The Mimorial Kasparuv Kolinsky Festival of Non-Verbal Theatre

Review in Issue 12-4 | Winter 2000

This is a great and friendly festival, centred round the town square. The imaginative programme runs twelve hours a day for a week and includes shows for kids and adults, bands, dance and circus, Czech and foreign work.

The festival opened with a disappointing medley of mime and clown acts. With the occasional exception, this felt like cabaret night at a trapist sixth form college. Corn Factory’s street dance fairytale, Sedm let Stesti, and the weak Cirque Batard of Cahin-Caha were eclipsed by Teatr Novogo Fronta’s Vagabond Adam Kadmon. Full of old-school fire and adrenaline, this show walks an ‘everyman’ through state terror into the arms of the post-communist Russian Mafia.

The earnest efforts of a young Intent Theatre to convey some similar tale of oppression in Pootevreny Soumrak were undermined by a lack of control of their material. They strike familiar poses but are unable to take possession of them. The Forman Brothers converted a vast barge into a luxury floating theatre for their new show Nachové Plachty. This fairytale of a girl brought up by her sailor father after her mother’s tragic death is told with incredible visual flair and narrative incoherence. Its lush theatrical vision is stunningly realised in its mixing of puppets, set, actors and shadow play. The first half is a delight. The second half, made almost nonsensical by plot lacunas, induces thoughts of mutiny.

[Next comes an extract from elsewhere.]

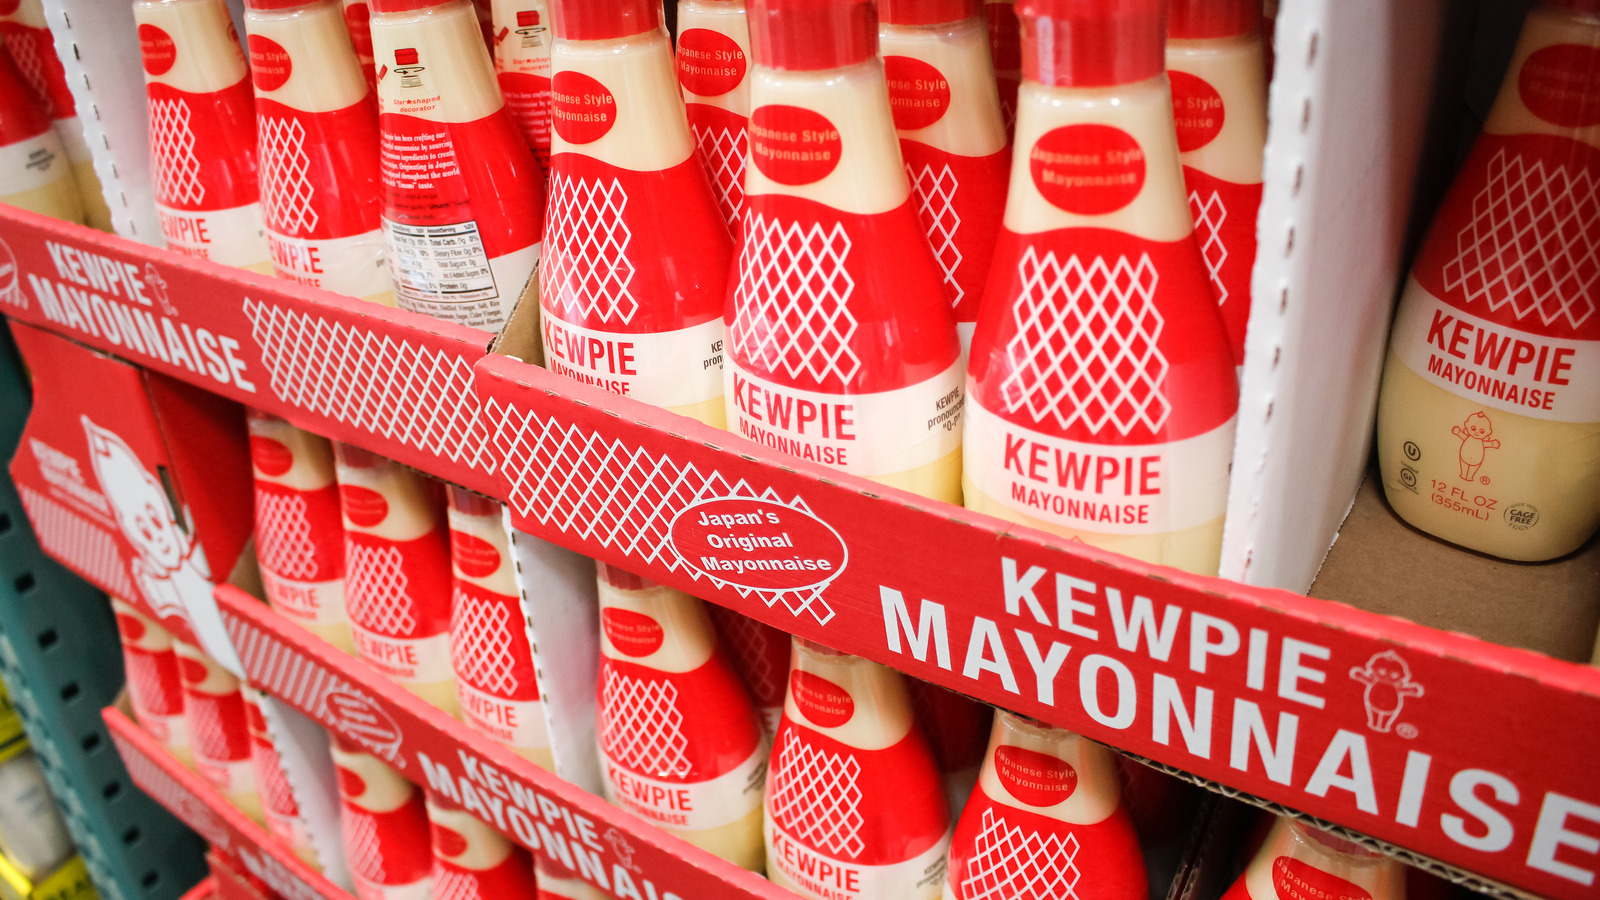 Does Kewpie Mayo Require Refrigeration?
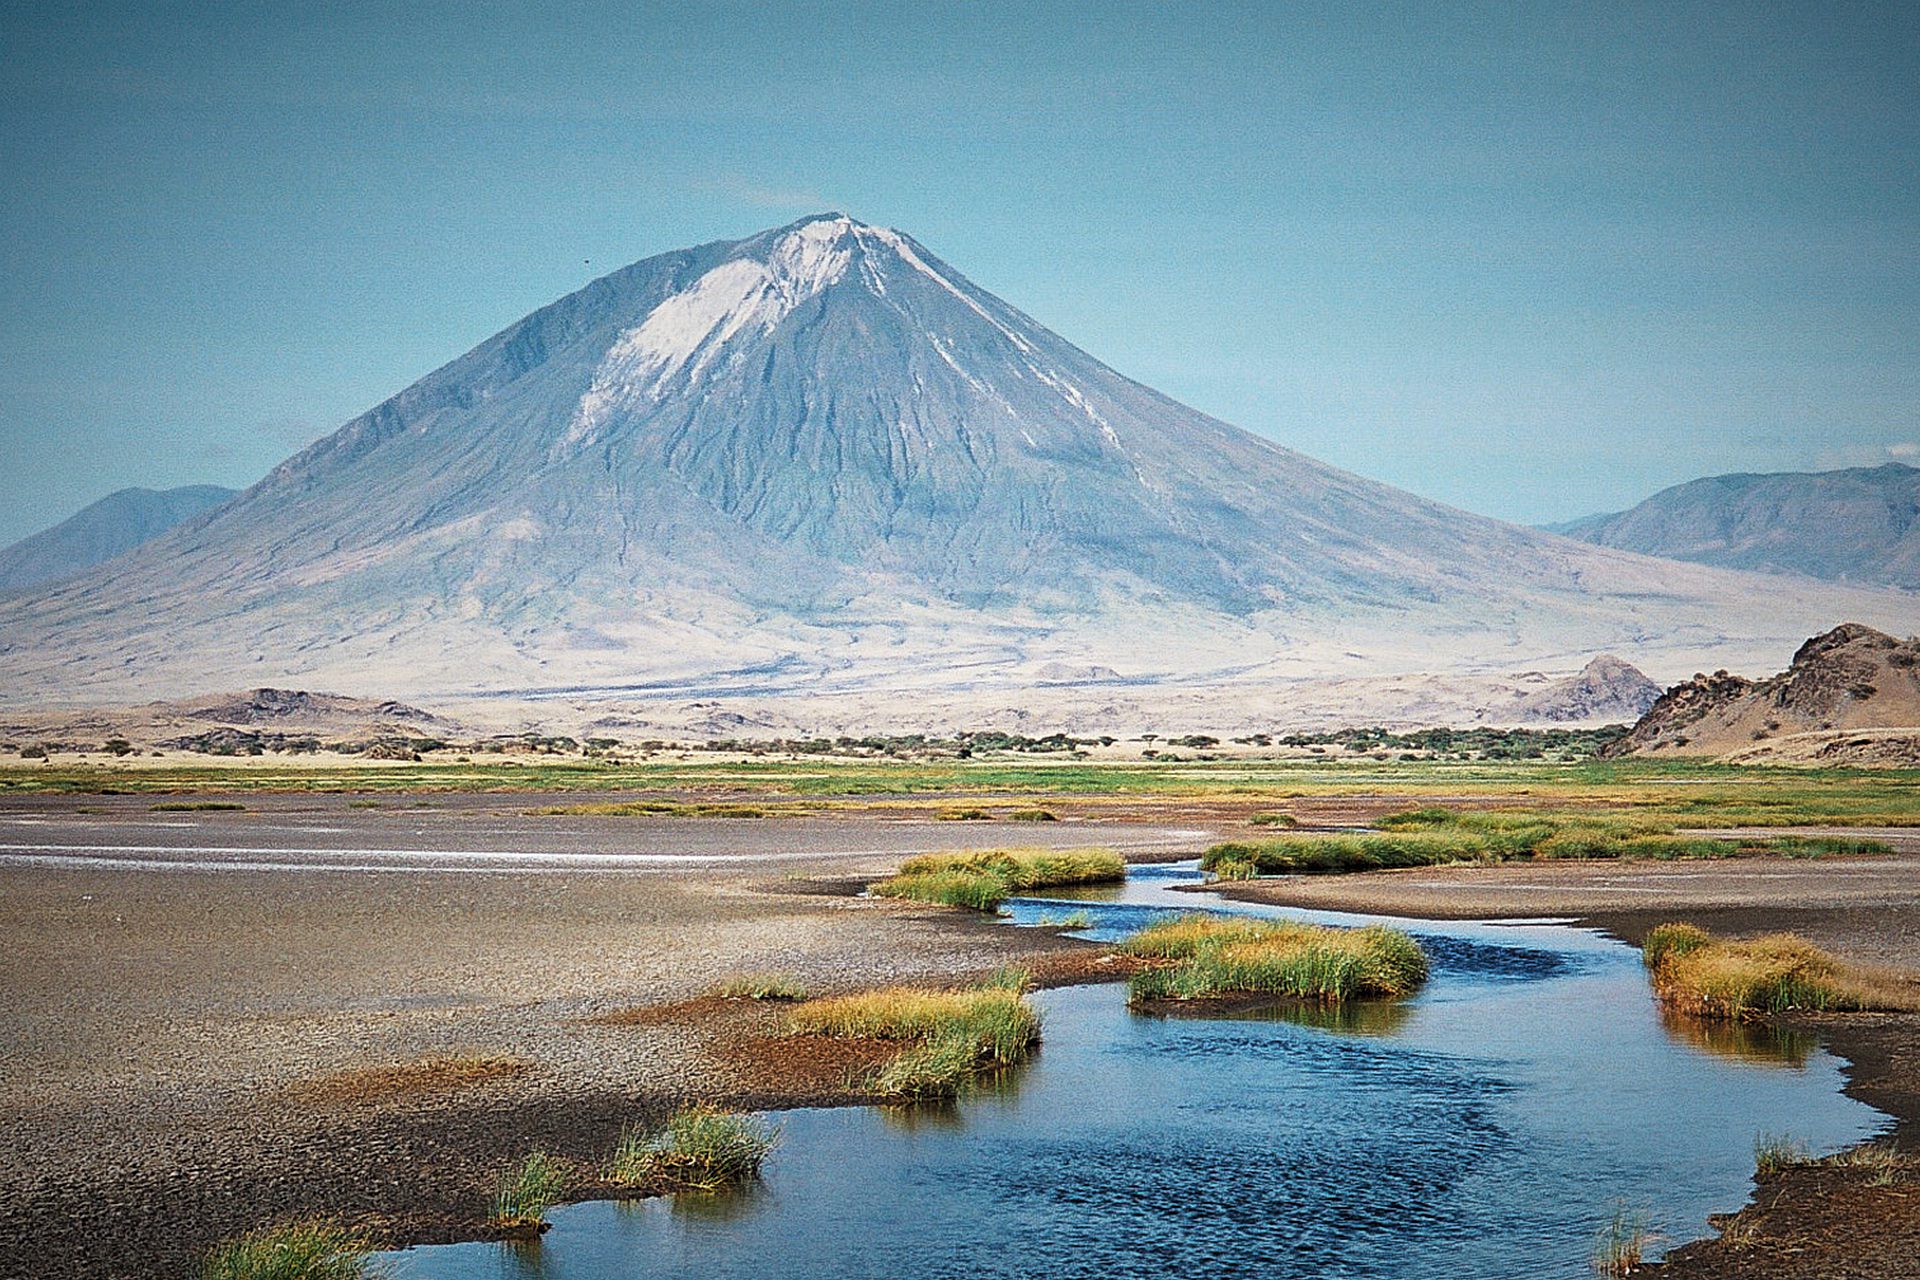 Locally known as the “Sacred Mountain of God” in the Maasai Language, Mount Ol Doinyo Lengai is an active volcano located south of Lake Natron in North Tanzania’s eastern rift valley.

Perhaps the festival’s finest moment was Herzség, a show commissioned from Sco. Stage Code for a beautiful old spa building. The company of five utilised the building’s facade and cloakroom but sited most of the action in and around the drained pool. Aspiring towards the dance theatre of Pina Bausch, the piece is full of ideas – many great, some sublime, and a number that seem superfluous. When they tap strongly into the space’s strange haunted atmosphere, it’s wonderful stuff. Ultimately this show is, like the festival as a whole, ambitious and rewarding, not universally triumphant, but deserving praise and respect.